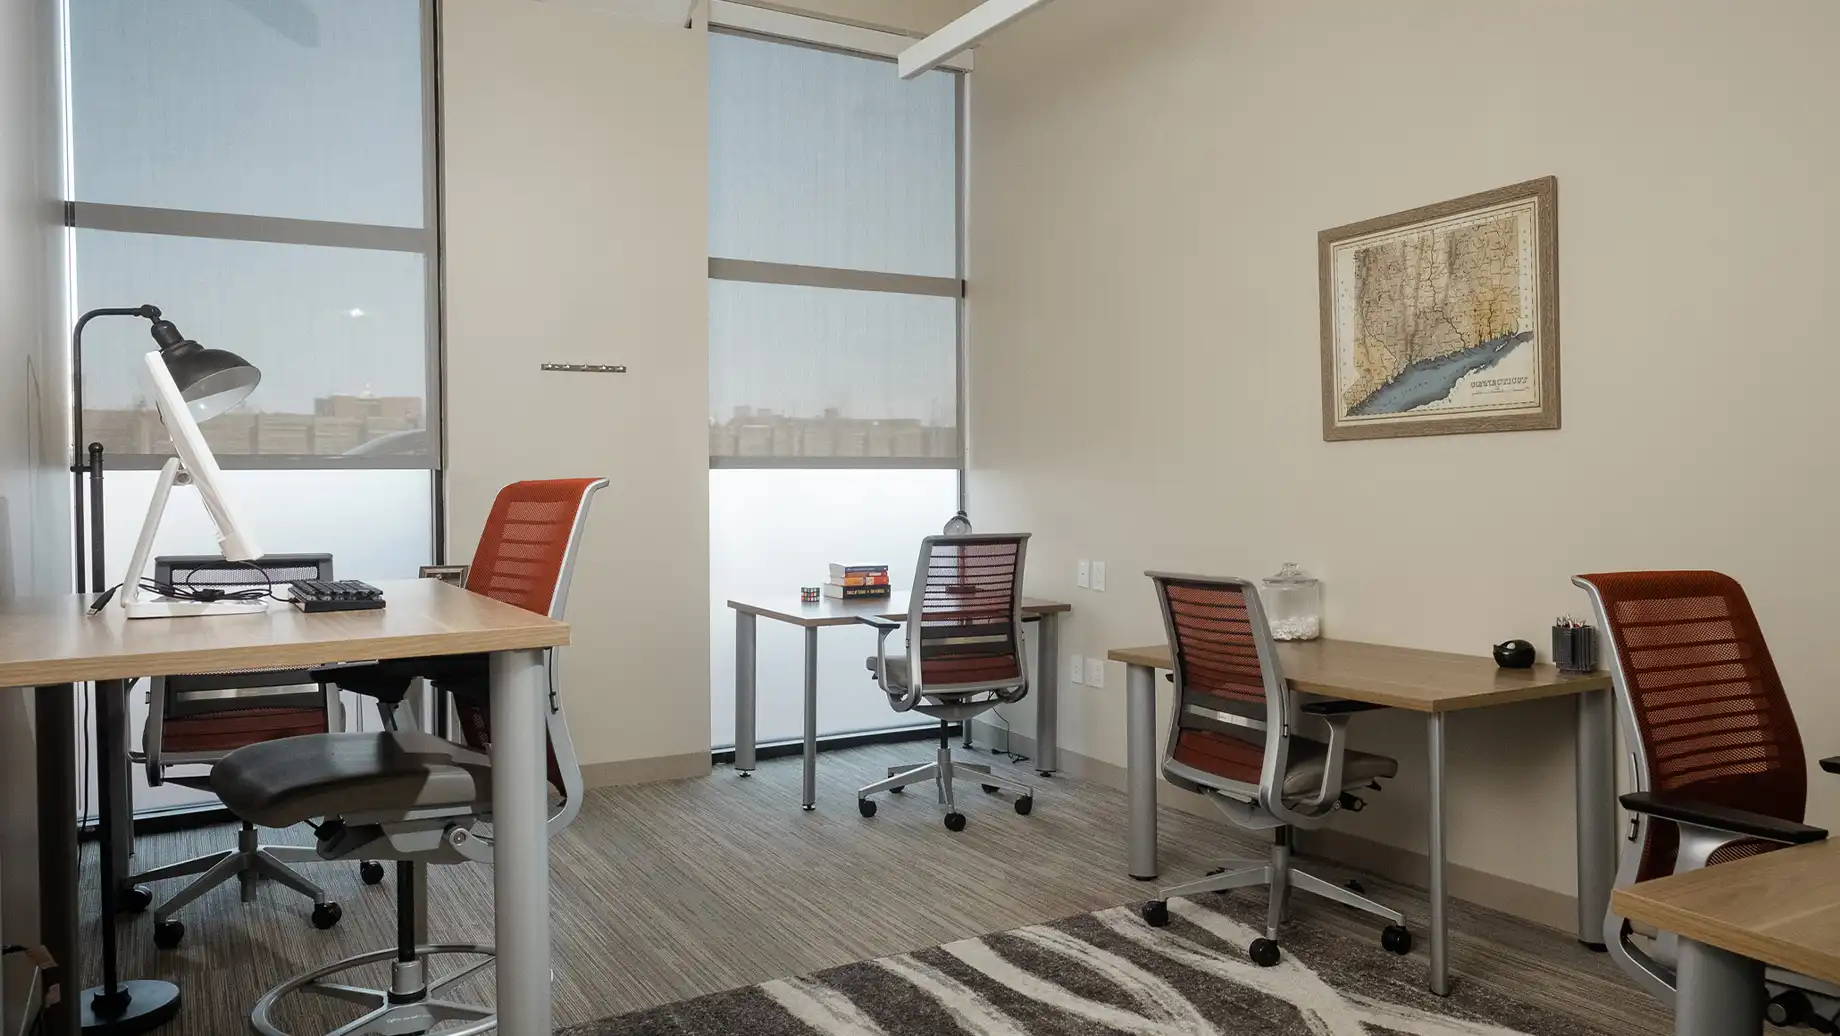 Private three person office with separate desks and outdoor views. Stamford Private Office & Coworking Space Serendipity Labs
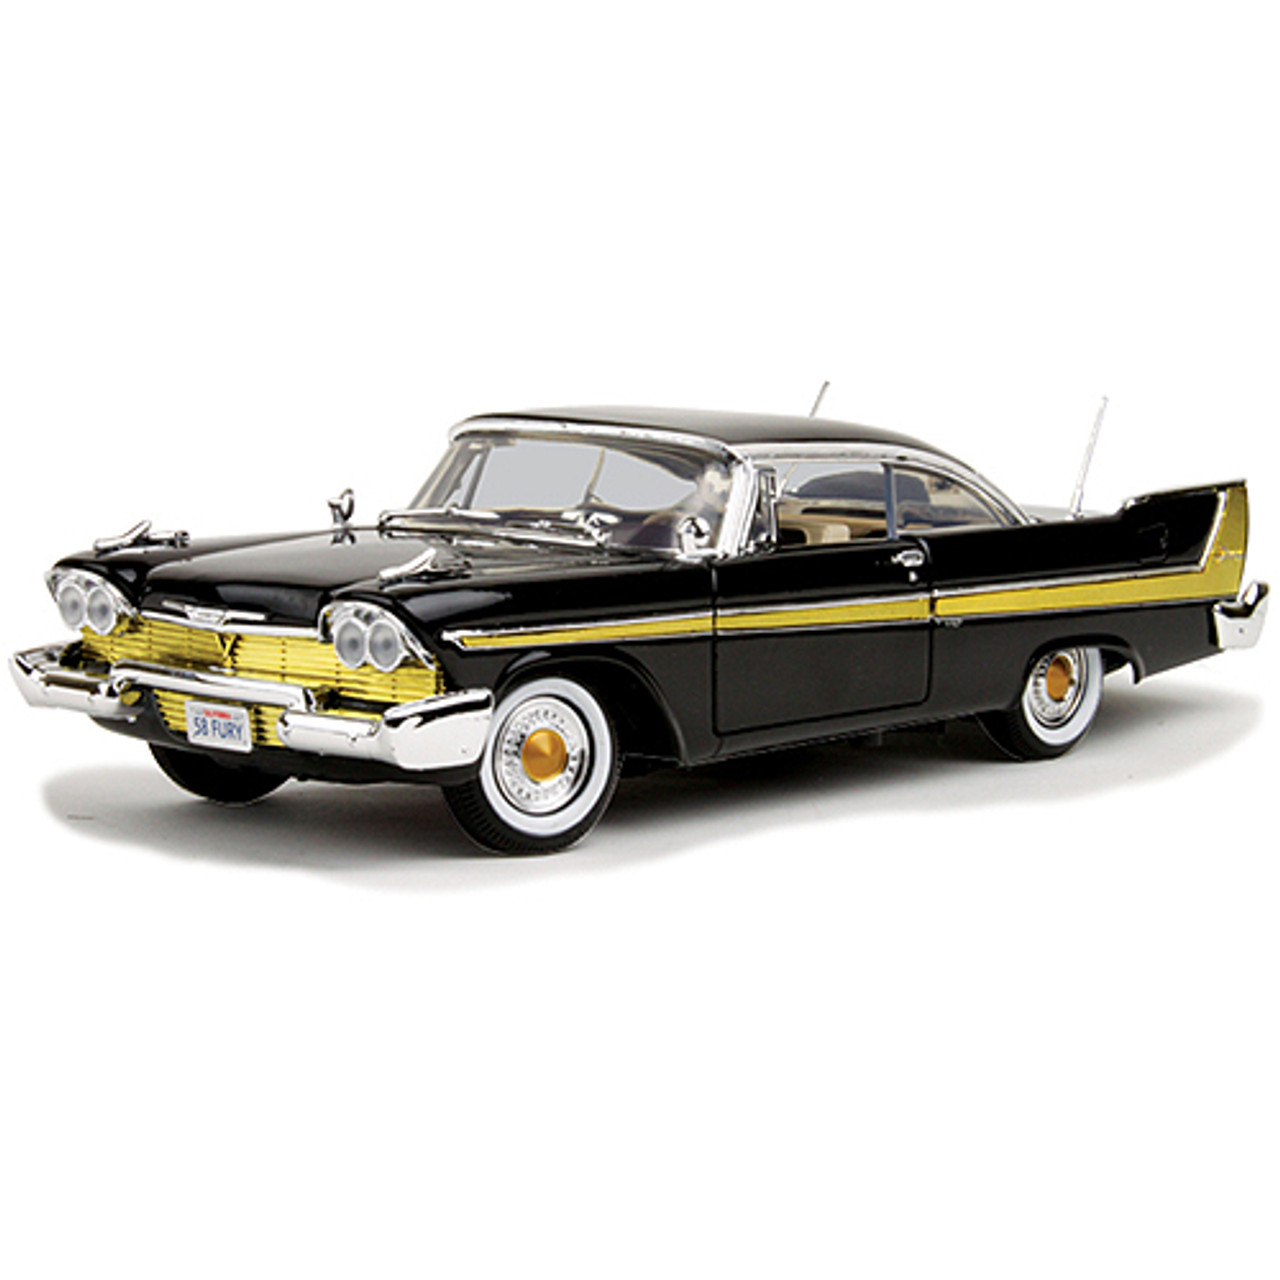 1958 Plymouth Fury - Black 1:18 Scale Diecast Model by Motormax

----------------------------------------

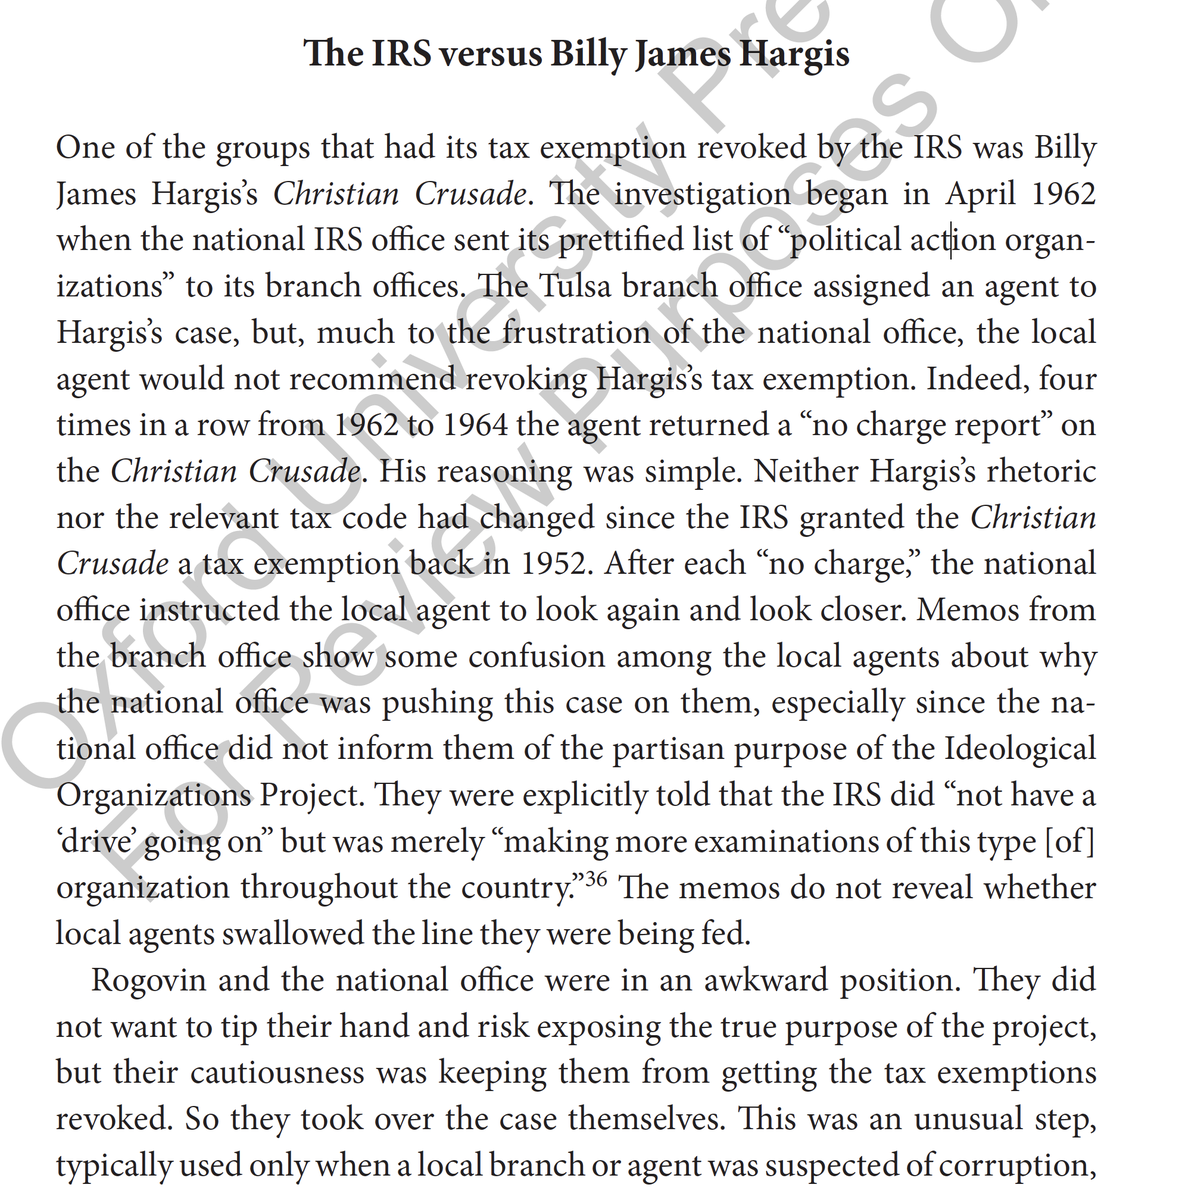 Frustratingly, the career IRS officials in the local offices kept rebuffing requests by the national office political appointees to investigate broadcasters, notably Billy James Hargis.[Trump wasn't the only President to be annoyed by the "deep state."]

----------------------------------------

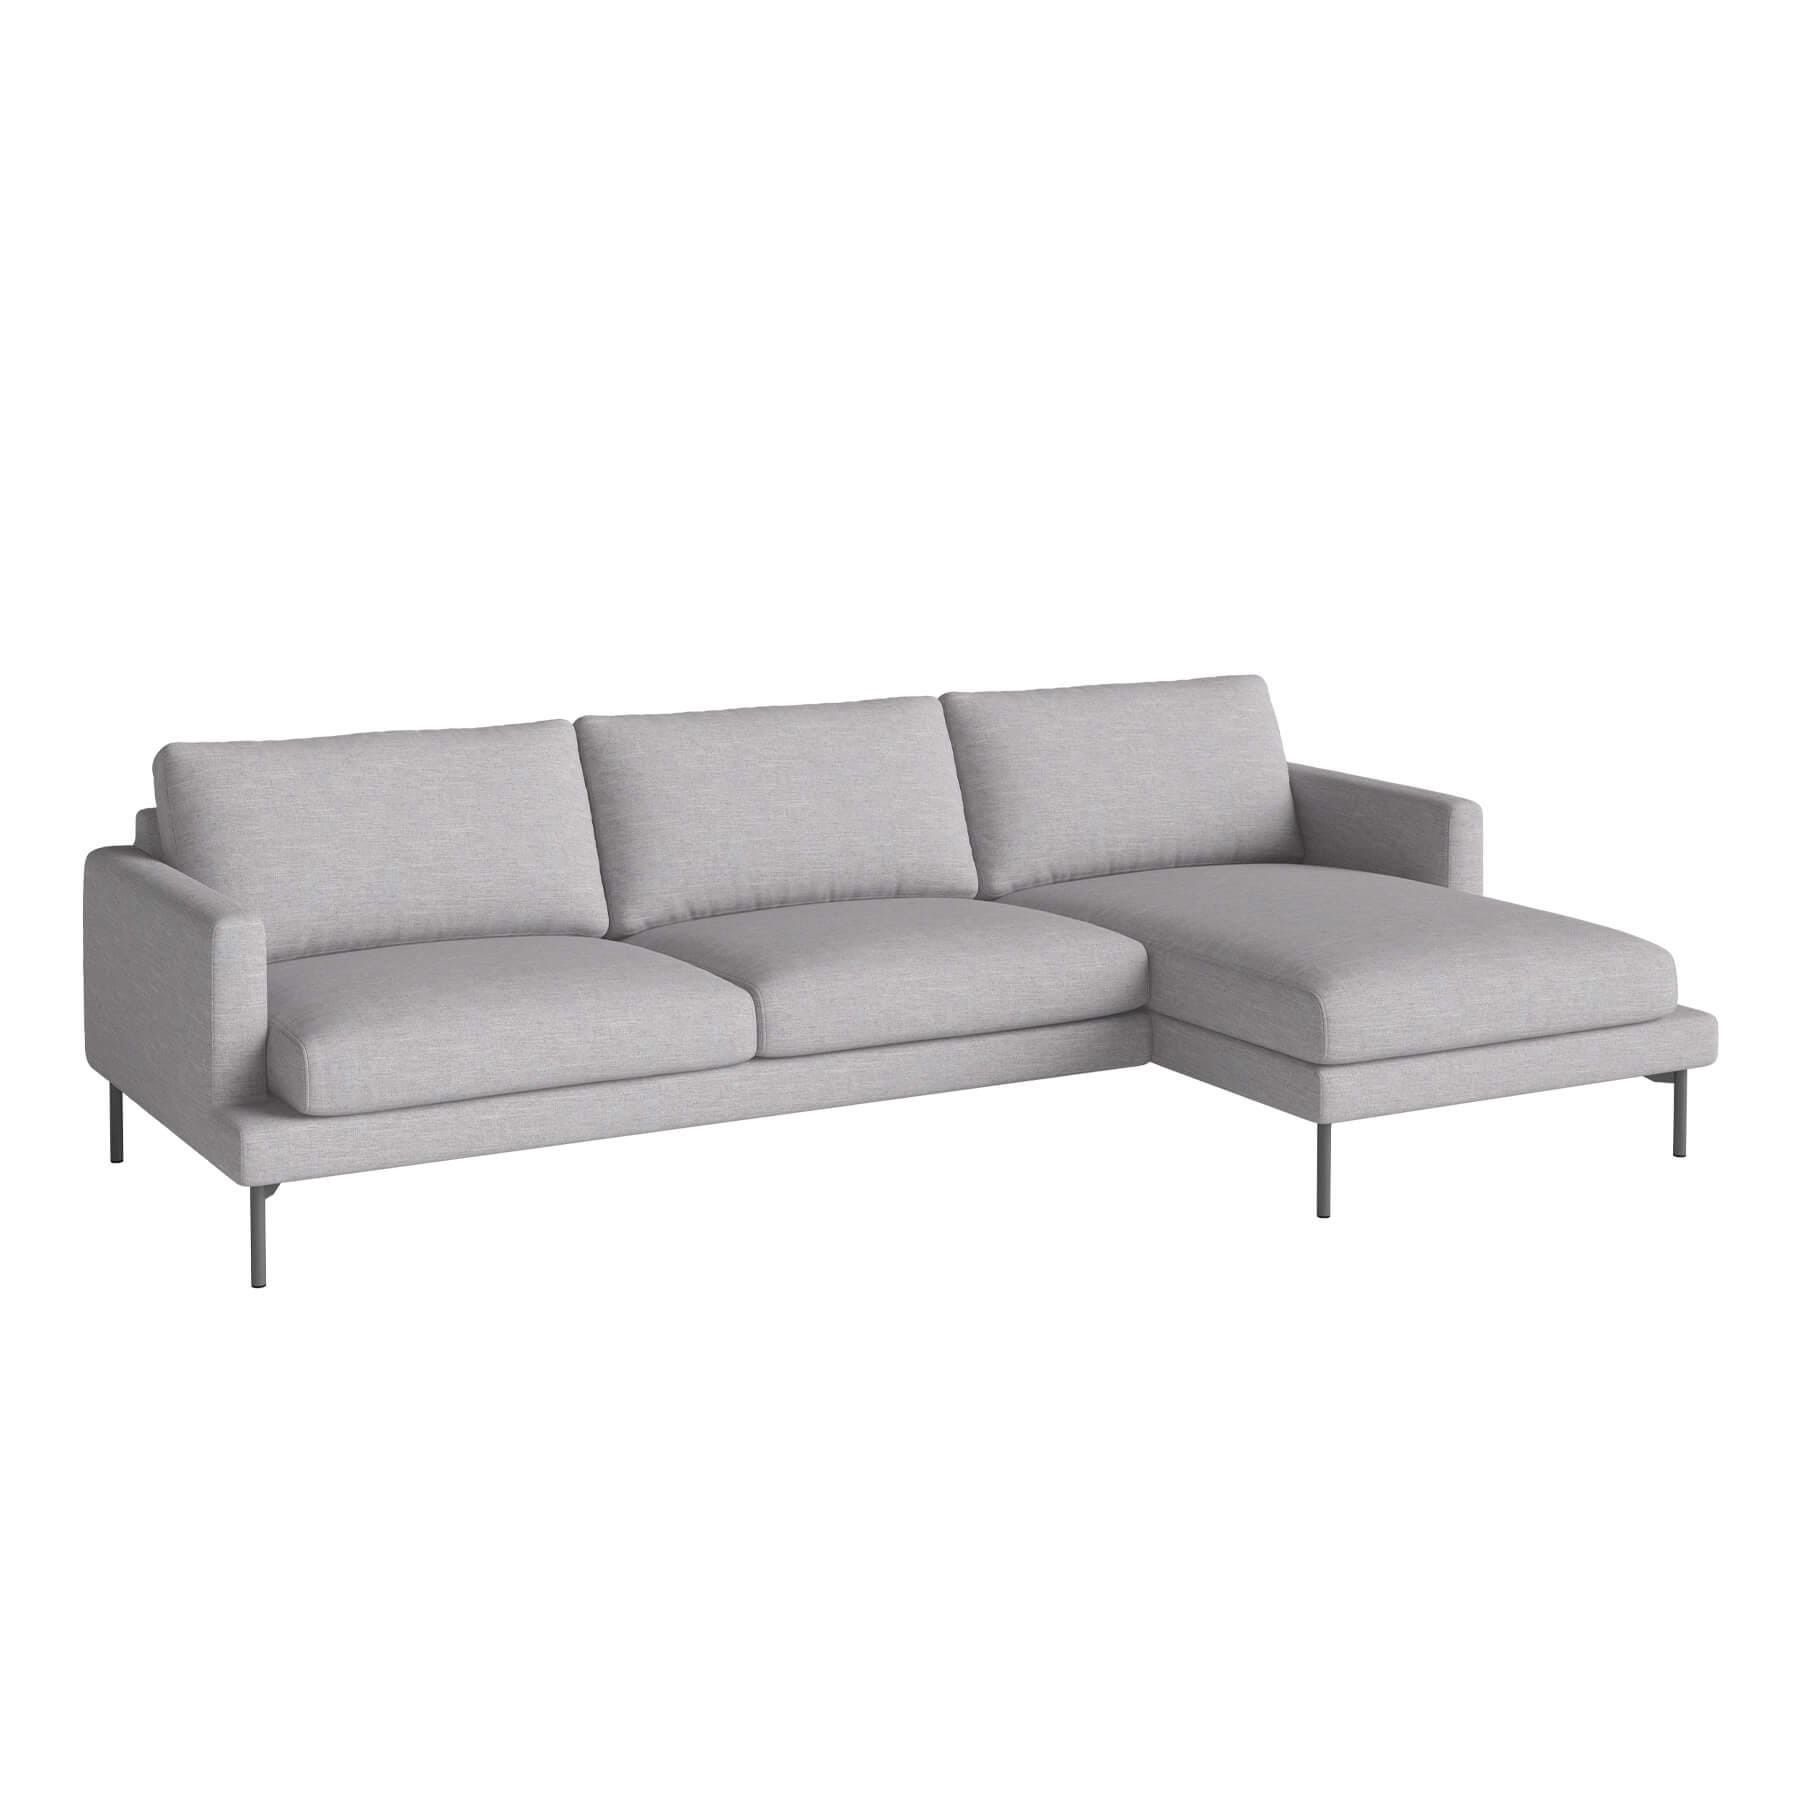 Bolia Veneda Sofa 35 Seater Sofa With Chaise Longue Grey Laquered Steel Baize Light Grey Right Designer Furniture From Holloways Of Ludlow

----------------------------------------

From the data above, return exactly the lines from the one with "Private three person" up to and including the one with "1958 Plymouth Fury". Pictures do not go in the copy.

RESPONSE:
 Private three person office with separate desks and outdoor views. Stamford Private Office & Coworking Space Serendipity Labs
 1958 Plymouth Fury - Black 1:18 Scale Diecast Model by Motormax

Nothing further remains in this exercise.